喂肉不成,反而给自己染了头绿毛的向姓大型犬:暗自攥紧拳头,在心里给乔嘉益记上一“功”。
母亲的,这顿饭,谁爱吃谁吃。
向延序放下筷子,在镜头前摆起一张臭脸。
“这肉好好次。”乔嘉益咂巴两下嘴,完全没有意识到自己已经徘徊在死亡的边缘。
敏感如王安可,快速给自己cp投喂几颗救命牛肉丸,“吃吧你,别说话。”
接下来的吃饭全程,楚兆年都没有抬头看过向延序一眼,自顾自干饭。
然而阴沉的低气压不是靠眼睛看出的,气氛诡异到令人发指的地步。
乔嘉益试图跟向延序说话,对方都不理他,也不吃东西。
楚兆年忍无可忍:“你不吃就拿去喂狗。”
向延序就笑了,凑到他眼前,拿一张浩然正气的脸装可爱,压低声音说:“我不就是你最爱的狗狗吗?”
“噗!咳咳咳!”知道向延序有病,但没想到他居然无时无刻都在犯病,麦还开着呢!
楚兆年咳得满面通红,红晕顺着脖颈下来,染了一大片。
“你胡说八道什么?”他咬紧牙关,齿间发出狠戾的“咯咯”声。
向延序坐正身体,笑得阳光无害:“肉确实好吃,小六家的狗一定会喜欢。”
“嗯?小六还养狗了?”乔嘉益一脸困惑,“我怎么不知道啊?”
楚兆年怒视向狗,声音比平时冷上数十倍:“嗯,以前养的,得了狂犬病,死了。”
向延序愣了下,借势安慰地搭上对方的肩:“那就再养一只吧,健康乖巧的、”
话音戛然而止,他五指收拢,悄悄将楚兆年拉近,用气音说:“比如我。”
第12章
搭戏准备
入住第三日,小镇终于不下雨了,泥泞味和湿气在一瞬间消散,余下清清爽爽的凉风。
姜PD做节目向来是有目的和核心的,很明显这一程关乎地域文化。
一清早,还在睡梦中的嘉宾就被工作人员催着起床,赶鸡仔似的往车上推。一上去便听见大喇叭响起,环绕整个空间。

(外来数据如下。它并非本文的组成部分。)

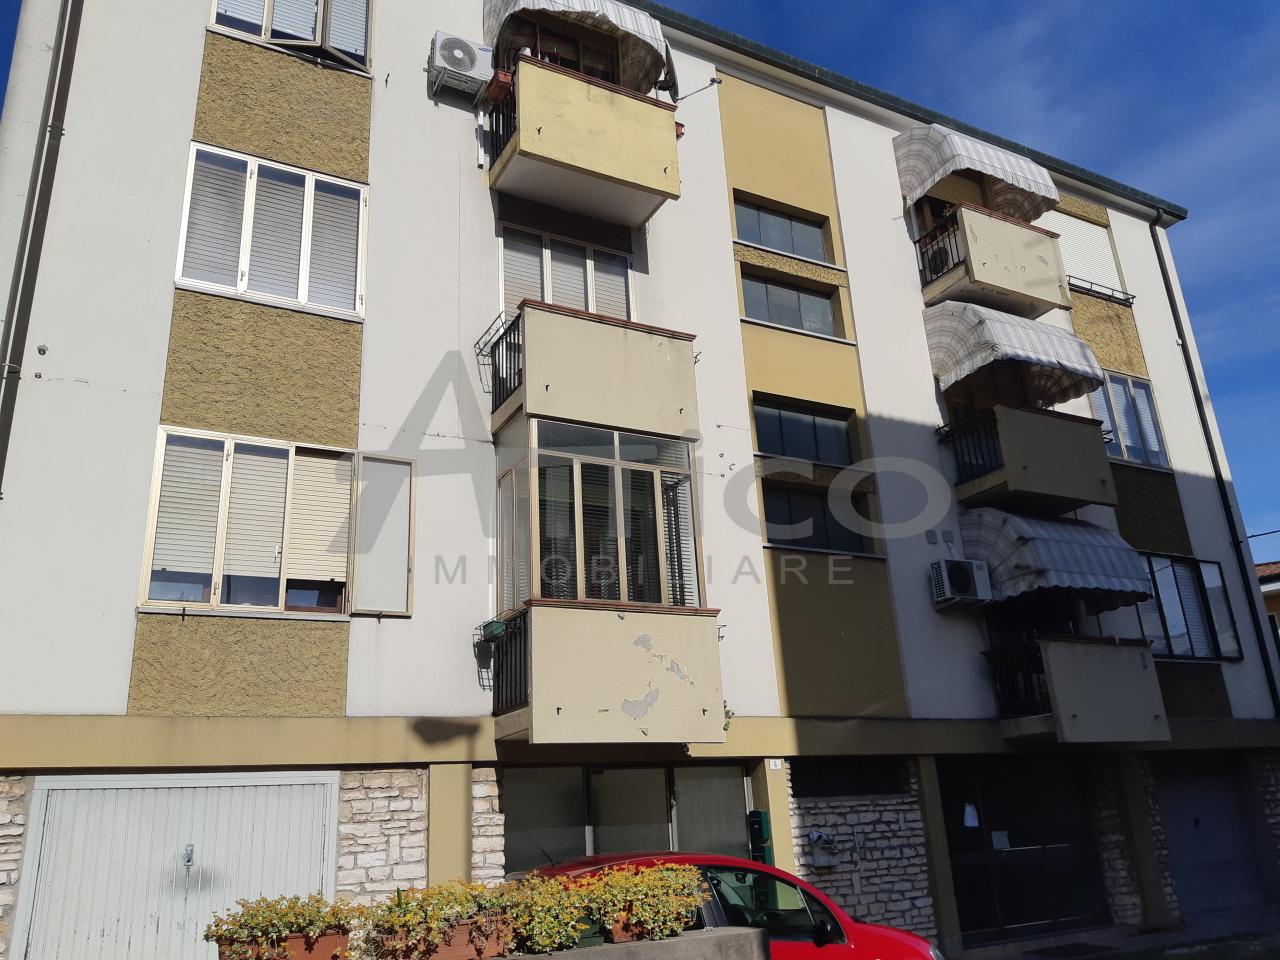 Appartamento - Pentalocale a S. Bortolo, Rovigo
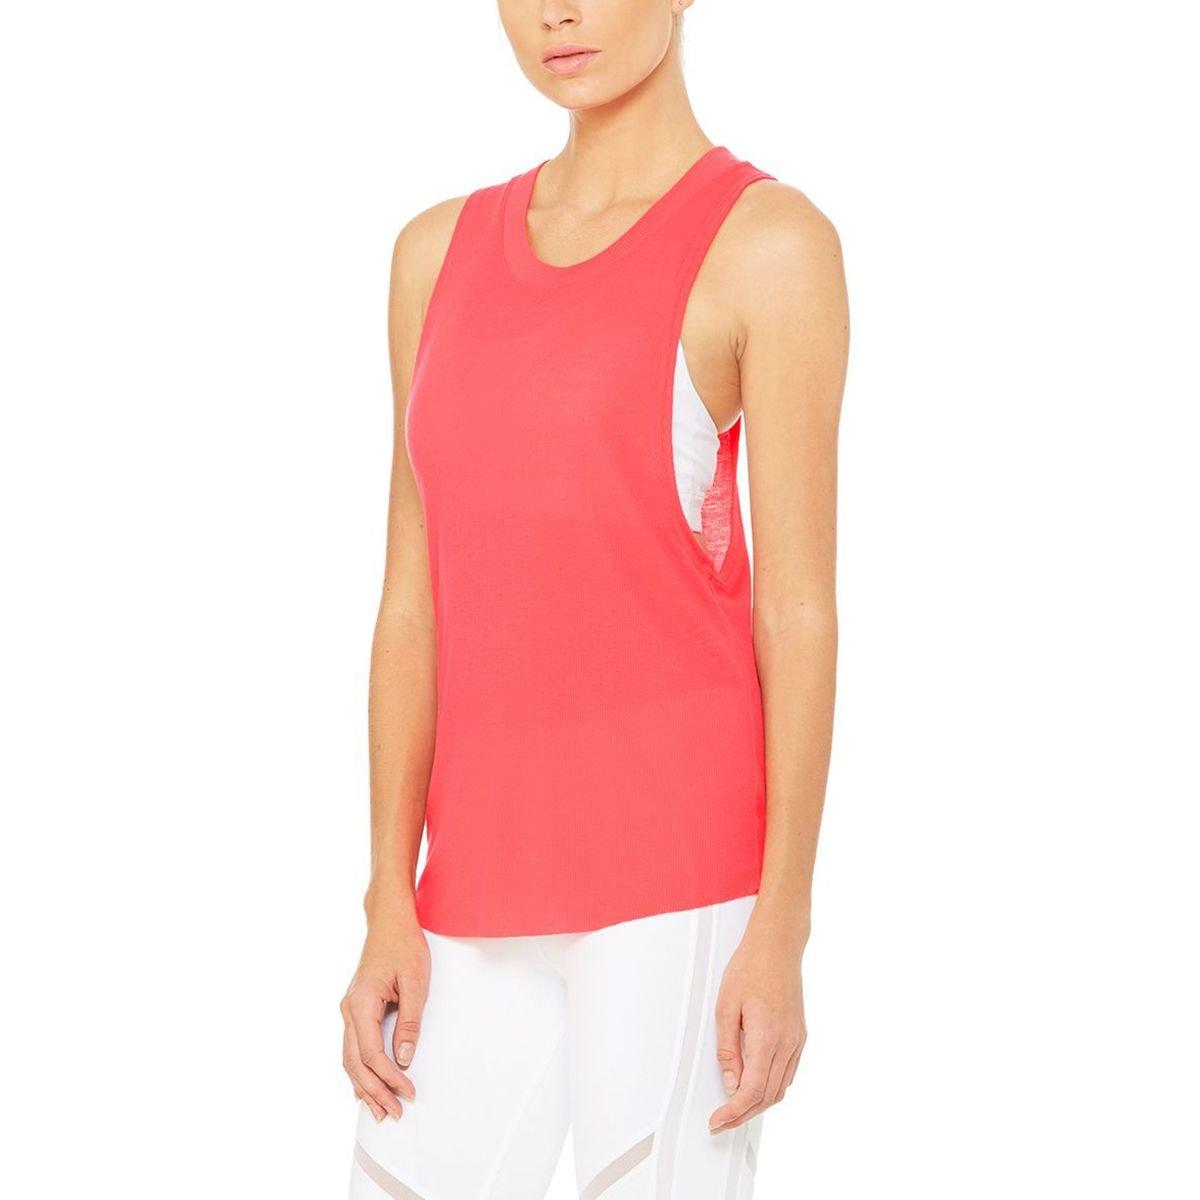 81d747e1d505b ALO Women s Heat-Wave Tank Top Rich Peony Tank Top at Amazon Women s  Clothing store

“潮剧,俗称潮音,是传统的地方戏剧。其距今已有400多年历史,是国家级非物质文化遗产,具有深刻的历史意义和极高的艺术价值……”
标准的播音腔为大家反复科普着潮剧历史,将一群本来就睡眼惺忪的小鸡仔催得更困,险些打起呼噜。
“啪啪!”工作人员猛地几下拍手,将大家从睡梦中唤醒。
乔嘉益从王安可肩上抬起头,含糊道:“这是什么啊?戏剧啊……”
“对,我们今天的任务就跟戏剧有关!”工作人员声音洪亮,亢奋激昂,乔老三严重怀疑他打了鸡血。
向延序撩了撩头发,露出光洁的额头和眉骨,忽略眼下淡淡乌青,简直就是全村最阳光正气的仔。
然而这位仔毫不在意形象地张开大口,打了个可以把拳头吃下去的哈欠,然后脑袋摇摇晃晃地靠近楚兆年……
结果被毫不留情地推回来,“哐当”一声撞到玻璃窗上。
向延序掀起半边眼皮,委屈巴巴地瞄对方一眼,眼白还布了些血丝,看起来红通通的。
然而,铁面无私楚大人双眸阖紧,没给人留半分情面。
还在生气啊。
向延序心想,不死心地悄咪咪再次凑近去,厚着脸皮轻声说:“别生气了,不就是养只狗狗吗?我不当了还不行了嘛。”
“你再胡说八道,就给我滚下车。”楚大人深吸一口气,仍是闭着眼睛,寒声说。
向延序半点不恼,“那可不行哦,我滚了,你就没cp了。”
“什么任务啊?”这头乔嘉益打断向狗的低语,嗷嗷打了几个哈欠,伸几个懒腰,坐起身问。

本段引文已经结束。